Sure, when they finally find it, they immediately know what error it was that made the health check fail and they can report it properly without consulting another logfile, but your site might have been down for an hour by that time, because the database migration was faulty.

Thread Thread
lietux profile image
Janne "Lietu" Enberg

I sure hope that

1) you have a way to rollback failing releases instead of having your production down for an hour because you have a typo somewhere in your database migrations or similar
2) you don't build your massive deployment systems incl. migrations etc. with shell scripts

Yes, there's different log levels for different things, and since shell scripting is shell scripting it shouldn't really be used to build massive scripts, and also because it's shell scripting and prone to all kinds of mysterious and obscure errors everywhere you benefit a lot from having the -x enabled.

Instead you should use something more akin to e.g. Python (maybe using libraries such as Invoke or Pynt), possibly Ruby/Go/Rust or other such language with tooling that helps you build solid CLI tools.

And then you should use the best tools like Spinnaker, or e.g. Azure DevOps's release pipelines, to orchestrate your releases on the higher level so you don't have to reinvent the wheel while building your release tooling.

Collapse
benaryorg profile image
#benaryorg

The set -euo pipefail only really works for bash 4.4 and newer, you might want to double check there.

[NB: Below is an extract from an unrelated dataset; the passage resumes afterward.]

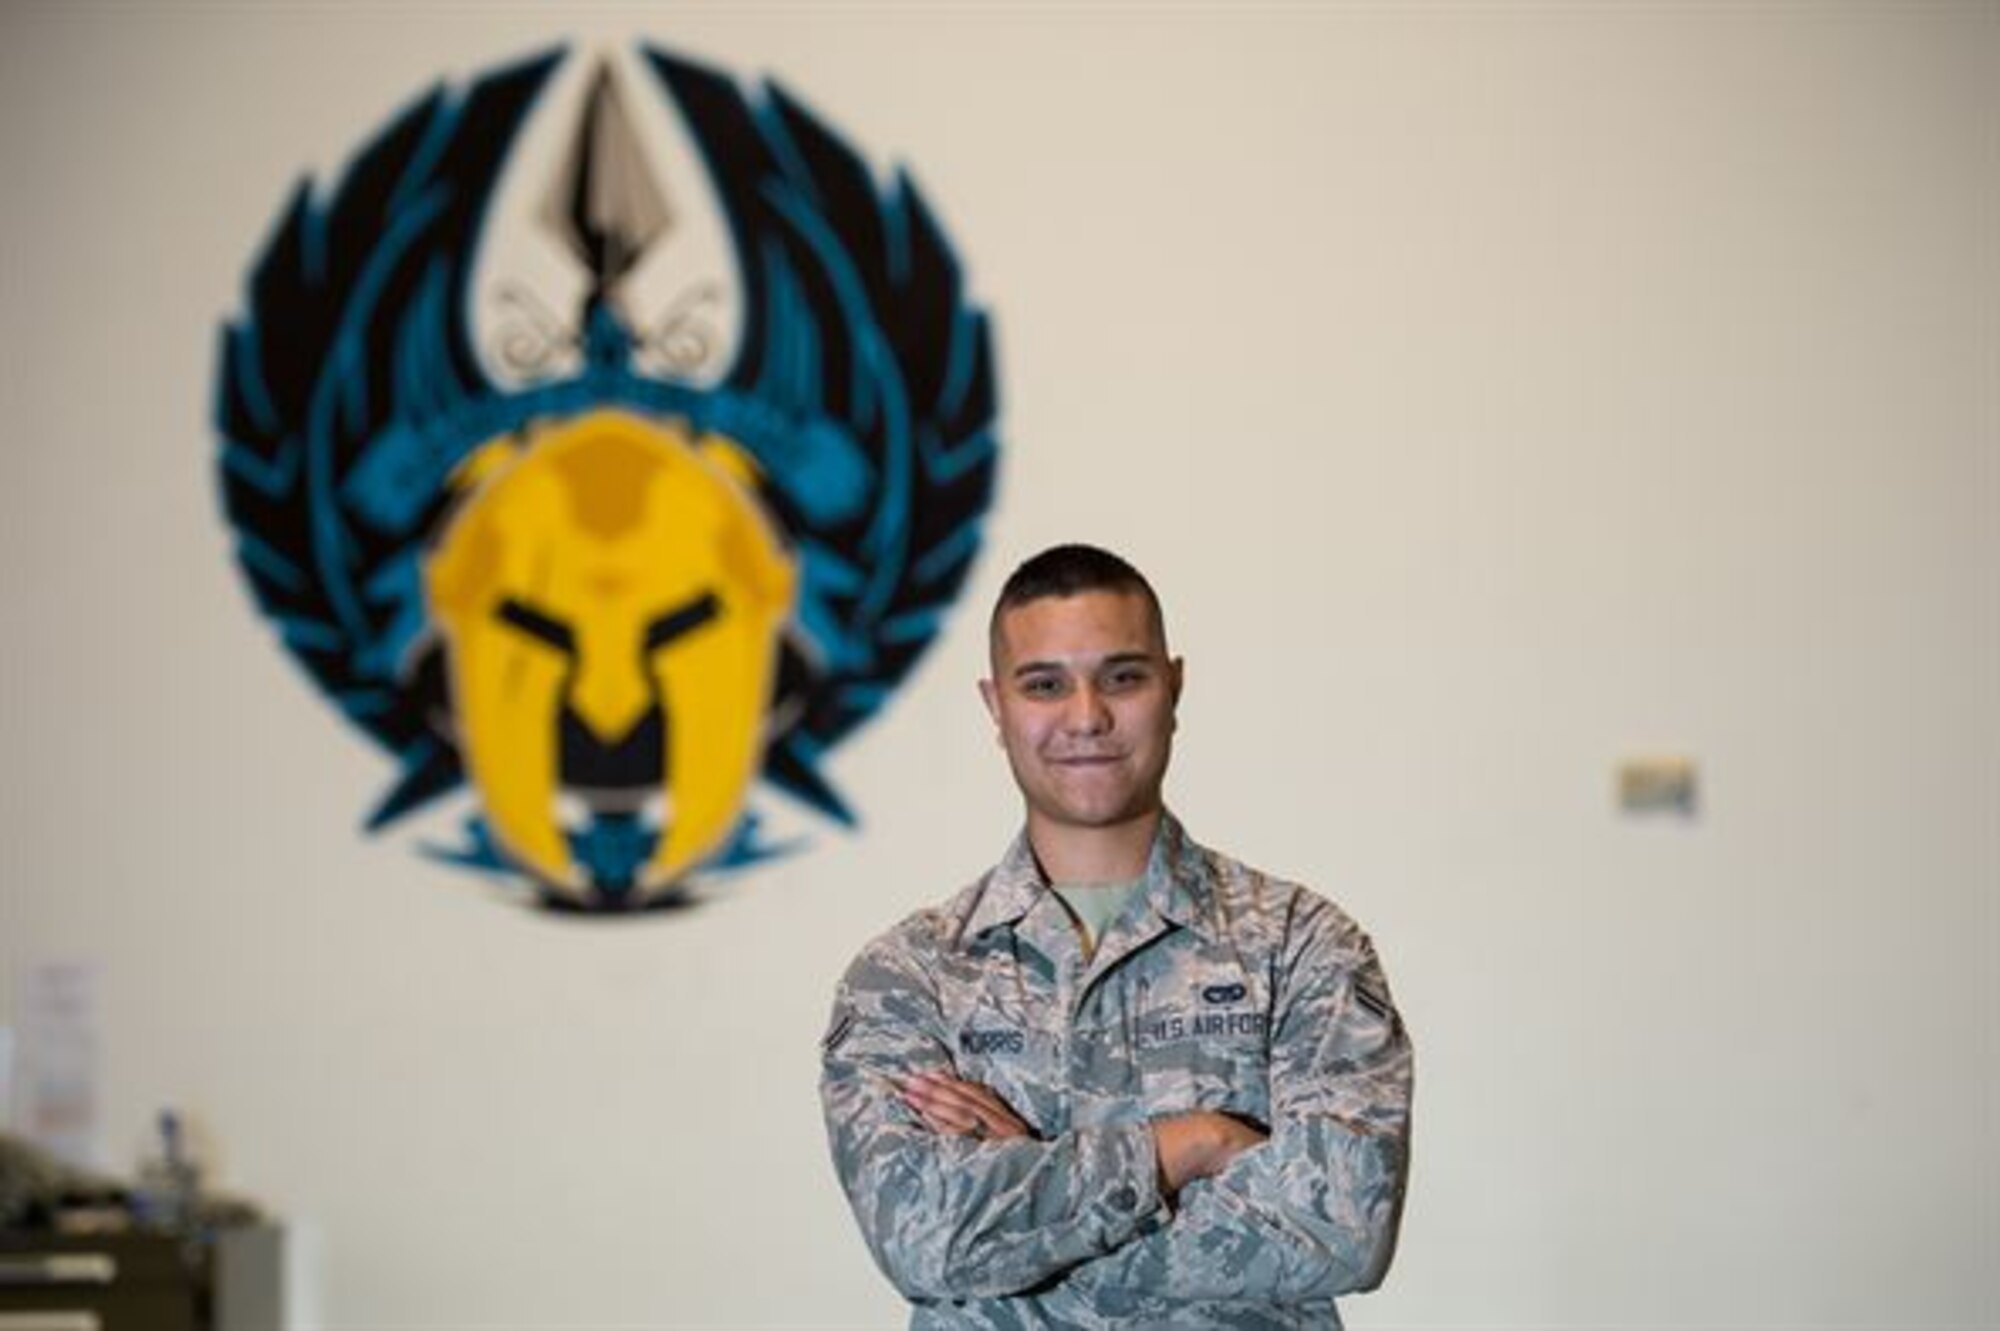 Airman 1st Class Benjamin Morris, 821st Contingency Response Squadron aerial porter, poses for a photograph at Travis Air Force Base, Calif., Spet. 6, 2016.

I myself am pretty fluent in writing safe shell-code, and the most important advice I can give is "quote everything everywhere, anytime".
The remaining pitfalls are arbitrary rules that you cannot really put in generic advice (like echo not being safe to print variables).

My go-to resource would be the one I linked to above: github.com/anordal/shellharden/blo...
It's long, yes, but you decided to go for something that's historically grown when you decided to use the shell, so be ready for long lists of arbitrary rules you have to follow that seem useless or redundant, but make a difference.